Note the English transaltion of the problem is a bit misleading: the problem actually means for each city’s traveller, either all on the same segment, or none selected at all, i.e., impossible to have case where some people are going to city x while some won’t

This means that we will have the cascading effect, i.e, we need to merge all overlapping [l, r] segments until there is no overlapping one, if we ever want to pick one city in the overlapping segments

after that we can just do a brute force DP, for each r that is an end, look for all start l, can calculate the XOR, and update the DP result.

808D: Array Division

since all numbers are positive, we can calculate the prefix sum, and then for each number, we look for (half of total) + that number , see if there exists one such prefix sum.
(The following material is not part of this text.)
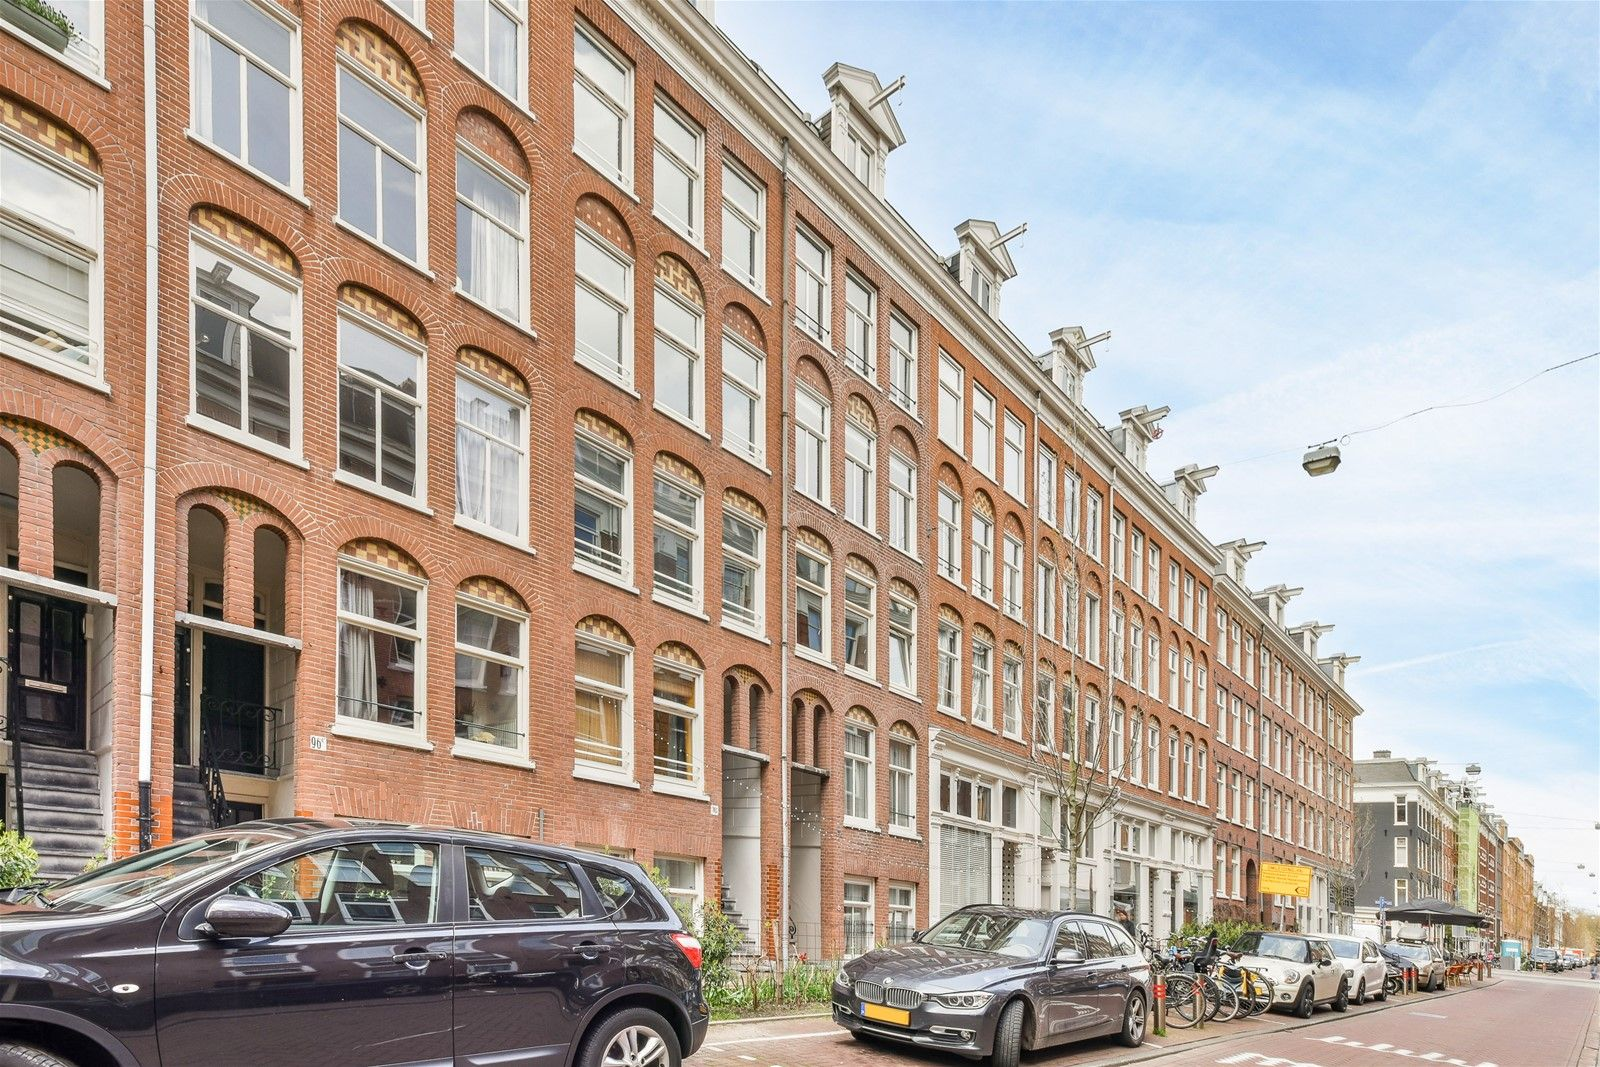 Van Oldenbarneveldtstraat 96A3, Amsterdam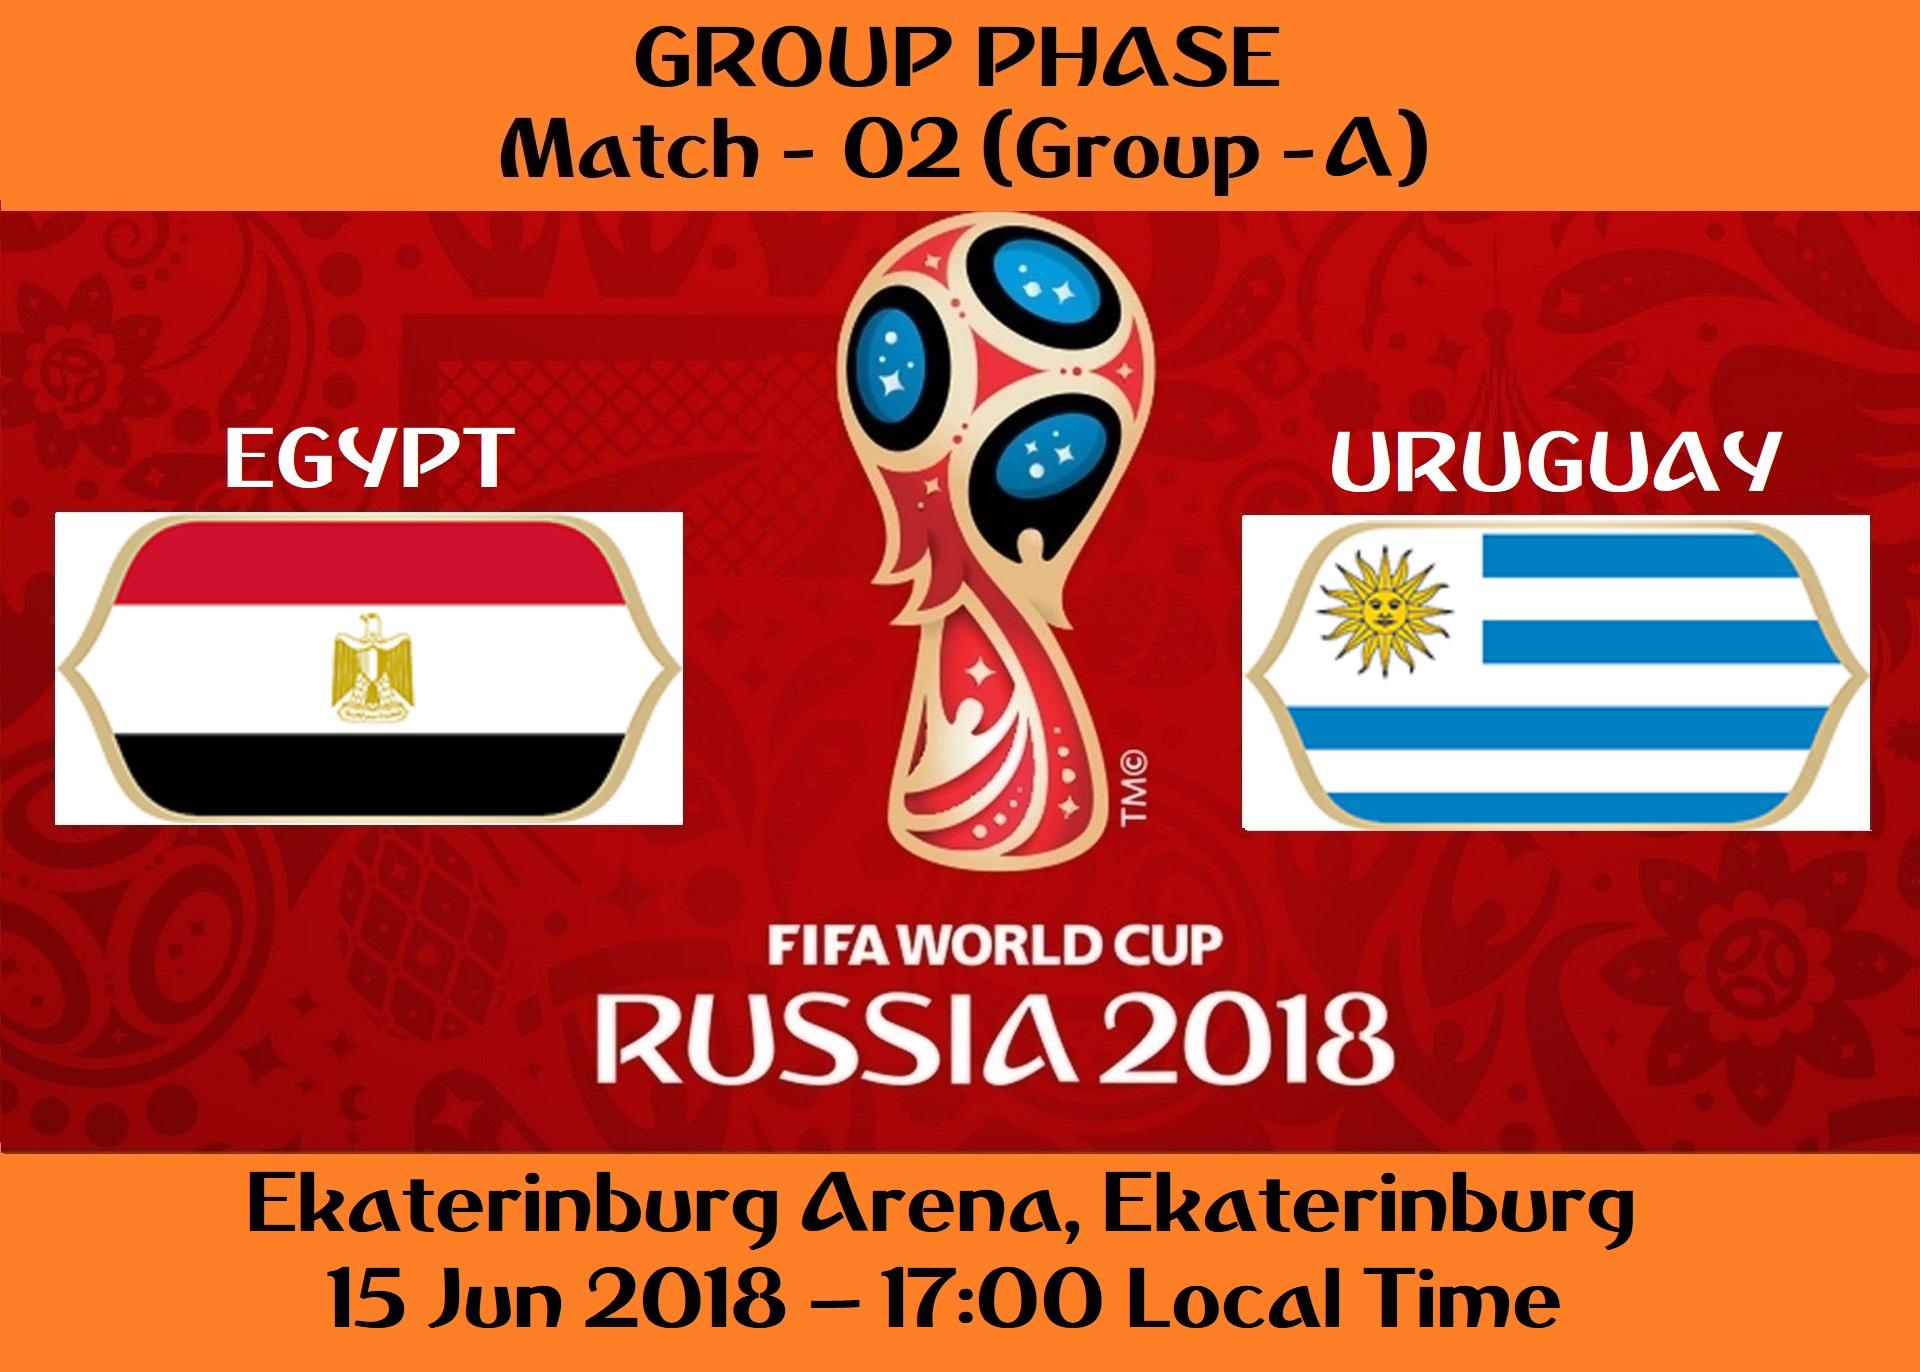 FIFA WORLD CUP 2018 MATCH - 2 - EGYPT vs URUGUAY

807D: Dynamic Problem Scoring(!!!)

What I did wrong

I was trying to brute force search on the final band of problems, but realize that one new account will affect the band of ALL past problems bands!!!

Insights

  1. From a new account, implementation wise, we don’t need to submit wrong answers at all, since only the total account number matters

  2. For each problem, we either need increase its good rate or lower good rate

  3. Consider the case when we only need to increase the good rate. To minimize number of accounts created, each account should submit right to as many problems as possible, so as to improve the pass rate of multiple questions, e.g., we can do better with one account submit right to two problems than two accounts each submit to one??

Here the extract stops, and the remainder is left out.